══ The data

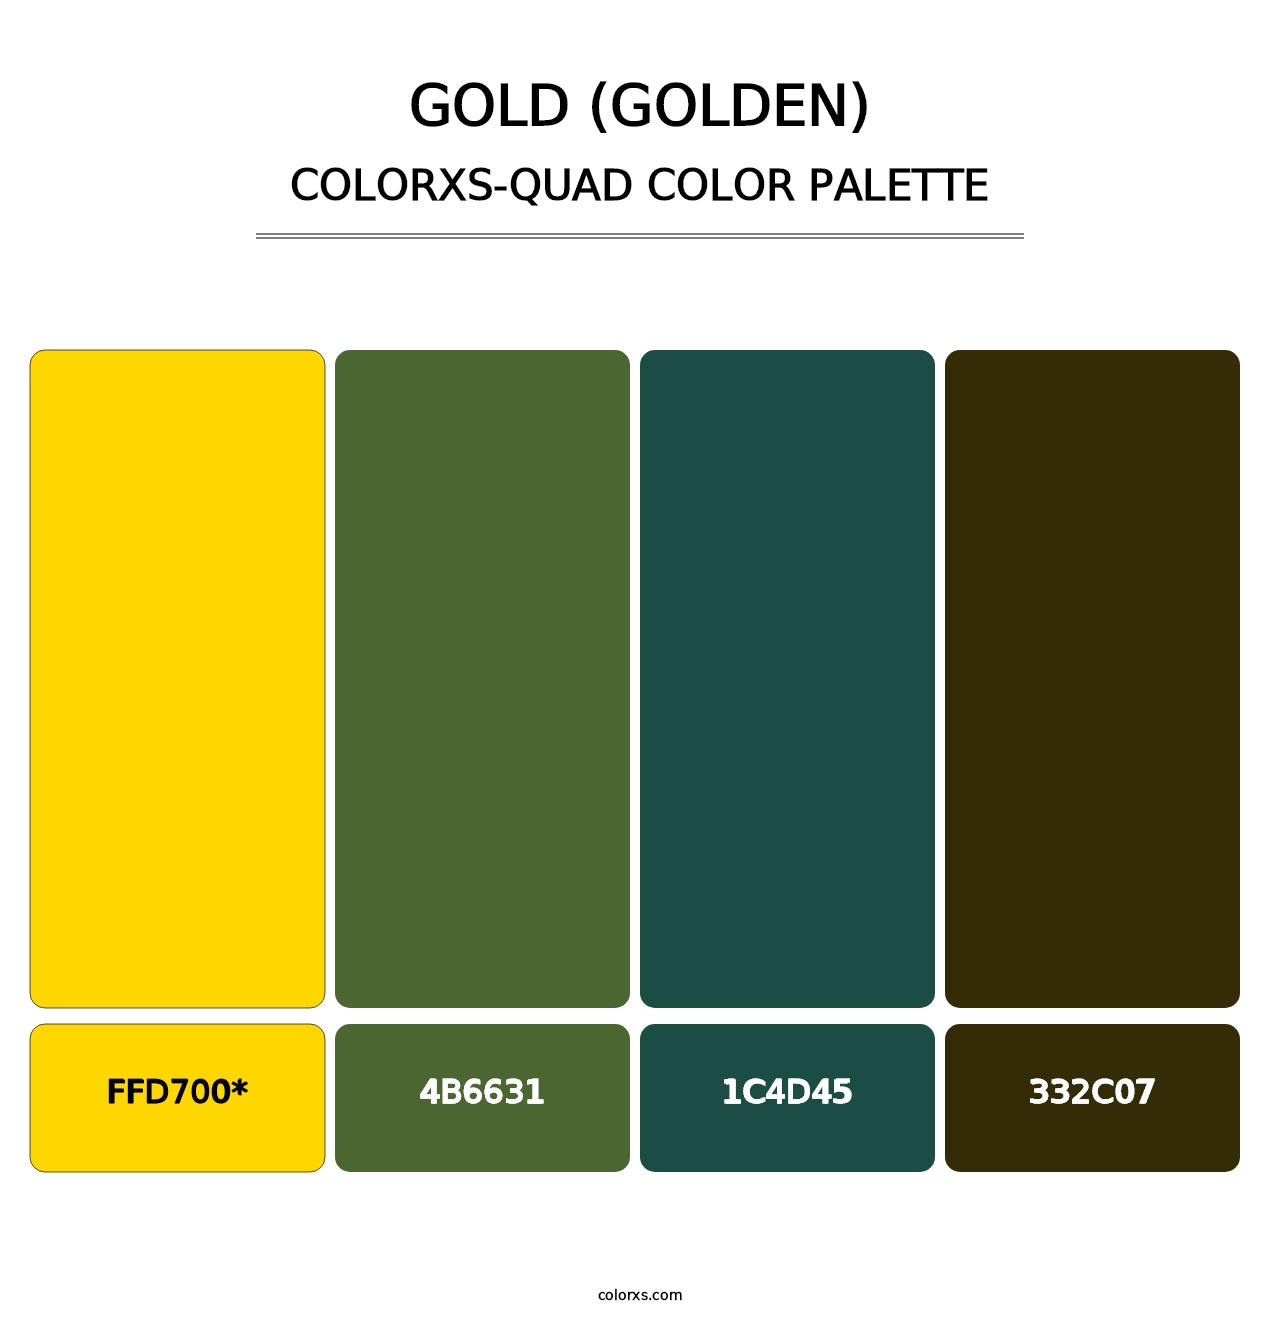 Gold (Golden) - Colorxs Quad Palette
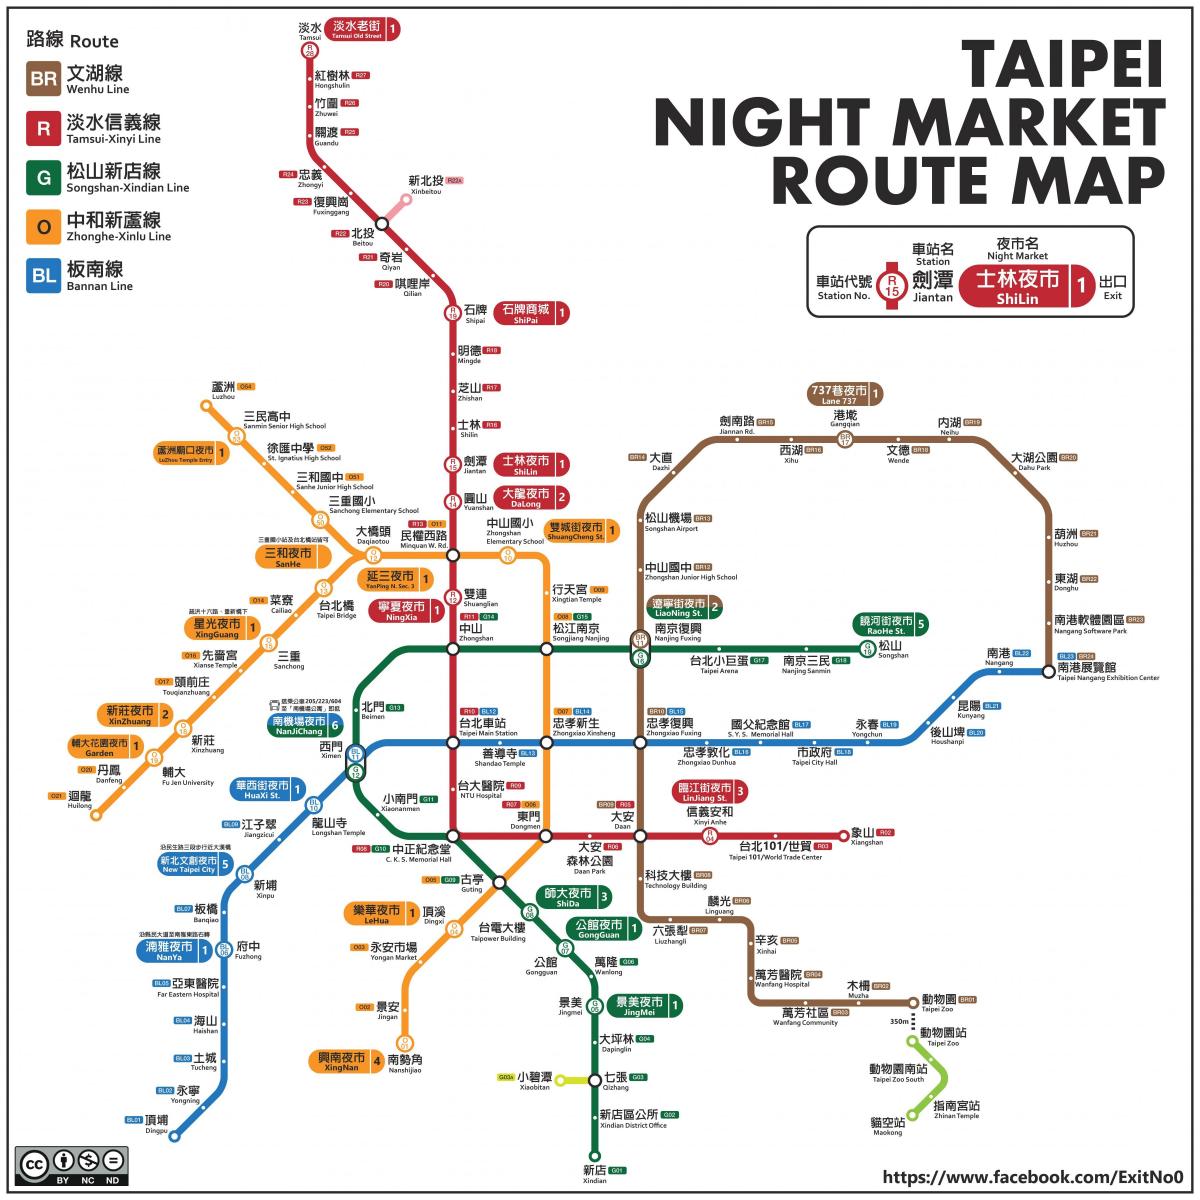 Taipei haritası gece pazarları
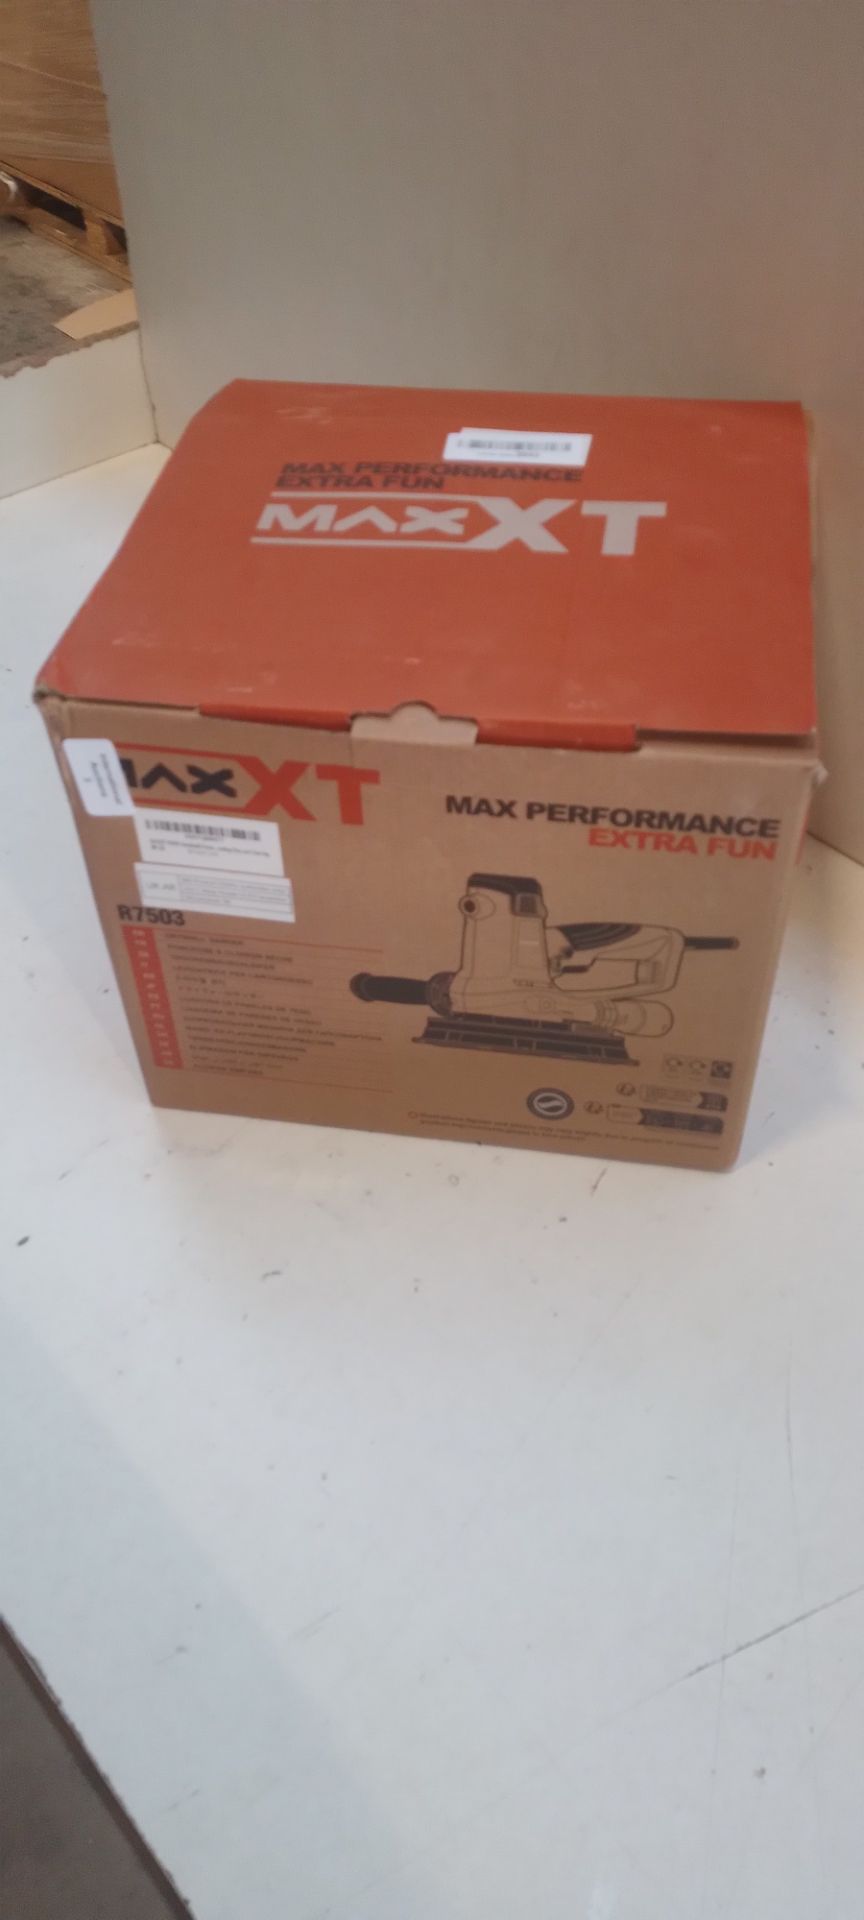 RRP £86.61 MAXXT 810W Handheld Drywall Sander - Image 2 of 2

════

**Task requirements:**
Give the listing above again in its entirety, exactly as written and free of images.

**Response to the exercise:**
 Gold (Golden) - Colorxs Quad Palette
 Taipei haritası gece pazarları
 RRP £86.61 MAXXT 810W Handheld Drywall Sander - Image 2 of 2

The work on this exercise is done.